Giving Compass' Take:

• The author argues that we don't know if there cost-effective interventions for wild animal welfare because there is insufficient research in the field. 

• How can funders help to build up research and information in the wild animal welfare space? 

• Read about proven animal welfare interventions


I sometimes see people claiming very confidently that wild-animal welfare is completely intractable and there are no cost-effective interventions we can do to improve wild animals’ welfare.

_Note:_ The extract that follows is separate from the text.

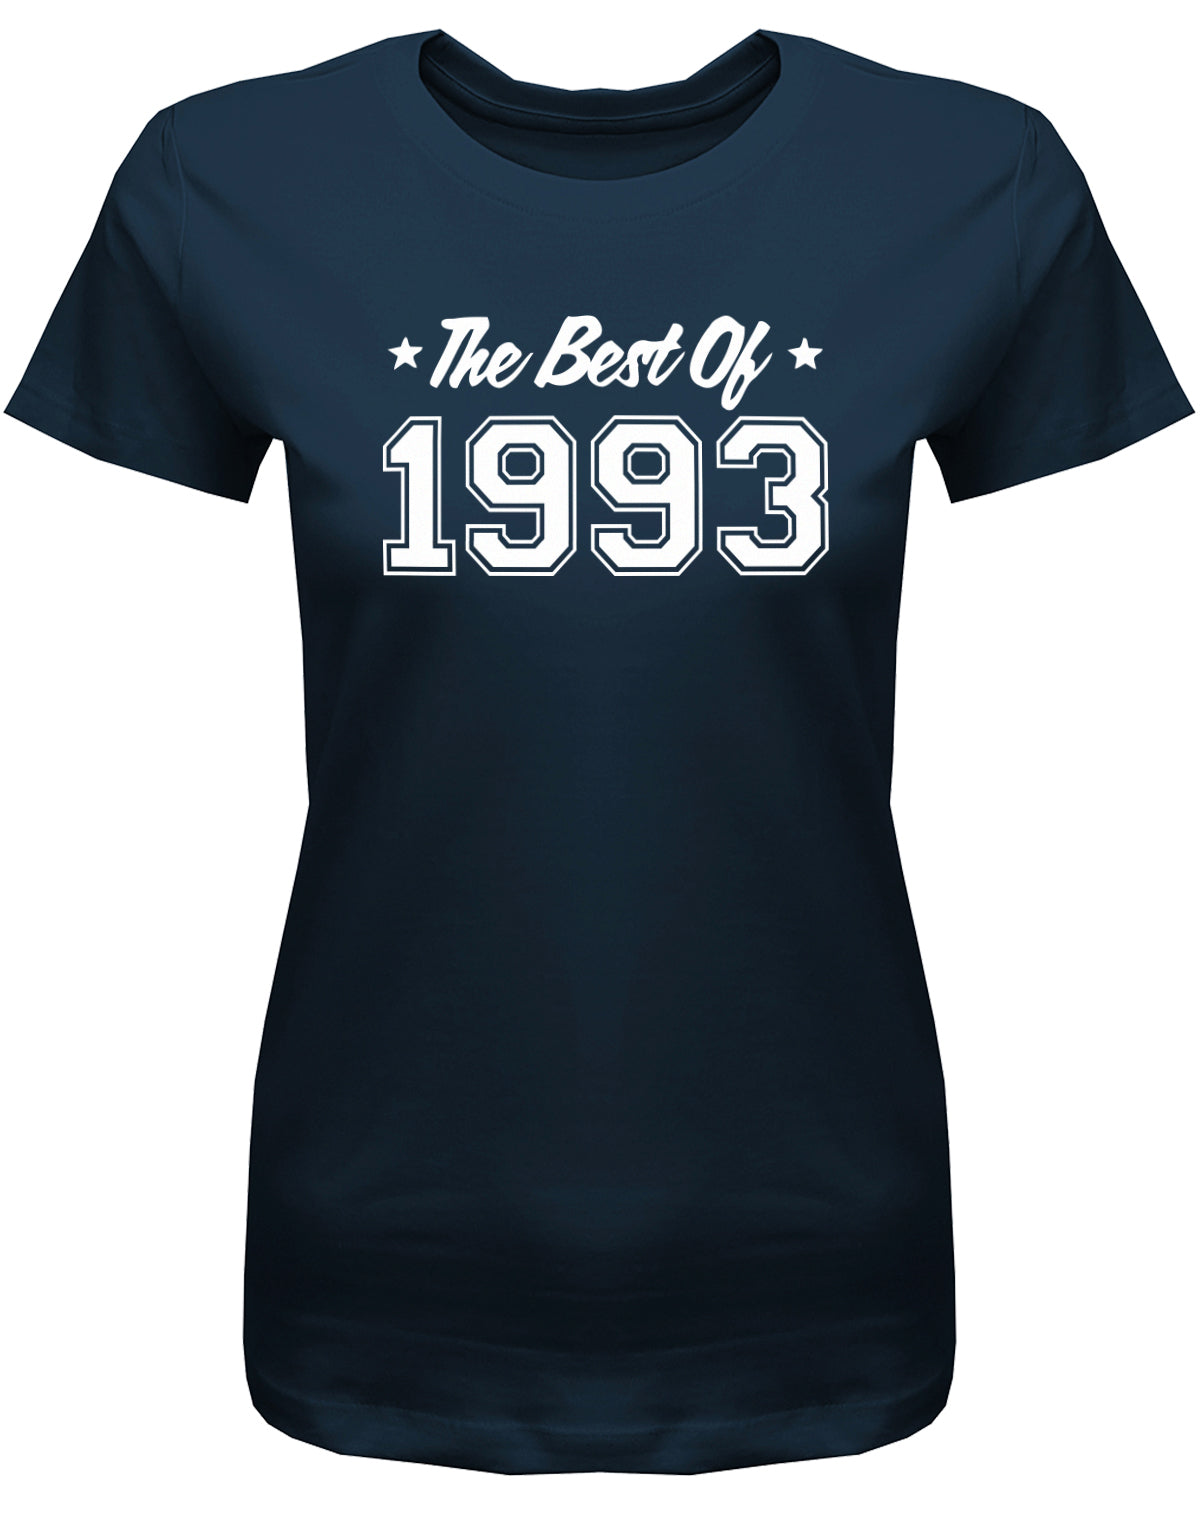 Lustiges T-Shirt zum 30. Geburtstag für die Frau Bedruckt mit: The best of 1993 ✓ Geschenk zum 30 geburtstag Frau ✓ 1993 geburtstag Frau ✓ 30 Geburtstag tshirt ✓ shirt geburtstag 30 Navy

This is honestly a quite extraordinarily claim. Think of all the ways human beings affect wild animals already: bird feeders, wildlife tourism, hunting, pest control, failing to adequately secure our dumpsters, disease control, air and water pollution, climate change, outdoor pets, invasive species, and so on and so forth. Are you telling me that there is not literally one of the dozens of ways we affect wild animals that has a knowable positive or negative effect on them? Perhaps some deity with a particularly odd ethical system has cursed us to an eternal neutrality, such that every rat we kill humanely will cause another rat to die horribly of poison?

The answer to this claim is that while of course ecosystems are dynamic and unpredictable systems and it is impossible to state with literally 100% certainty that cutting down the entire rainforest would be a bad conservation strategy, we do possess things like “non-zero level of knowledge about ecology” and “common fucking sense” that point to destroying their habitat being a poor way of protecting endangered species. Similarly, while there are tragic and costly mistakes, we can mostly figure out optimum sustainable yields for fisheries; most of the problem is in getting people to follow them instead of fishing as much as they damn well please. It is possible to know things about complicated systems with sufficient certainty that action is a better idea than nonaction.

For most possible interventions– disease control, predator control, wildlife contraception, supplemental feeding, and so on–we don’t even know whether doing the thing would be good or bad. Again, not because it’s unknowable; just because there’s a limited amount you can do with twelve nonexperts working part time.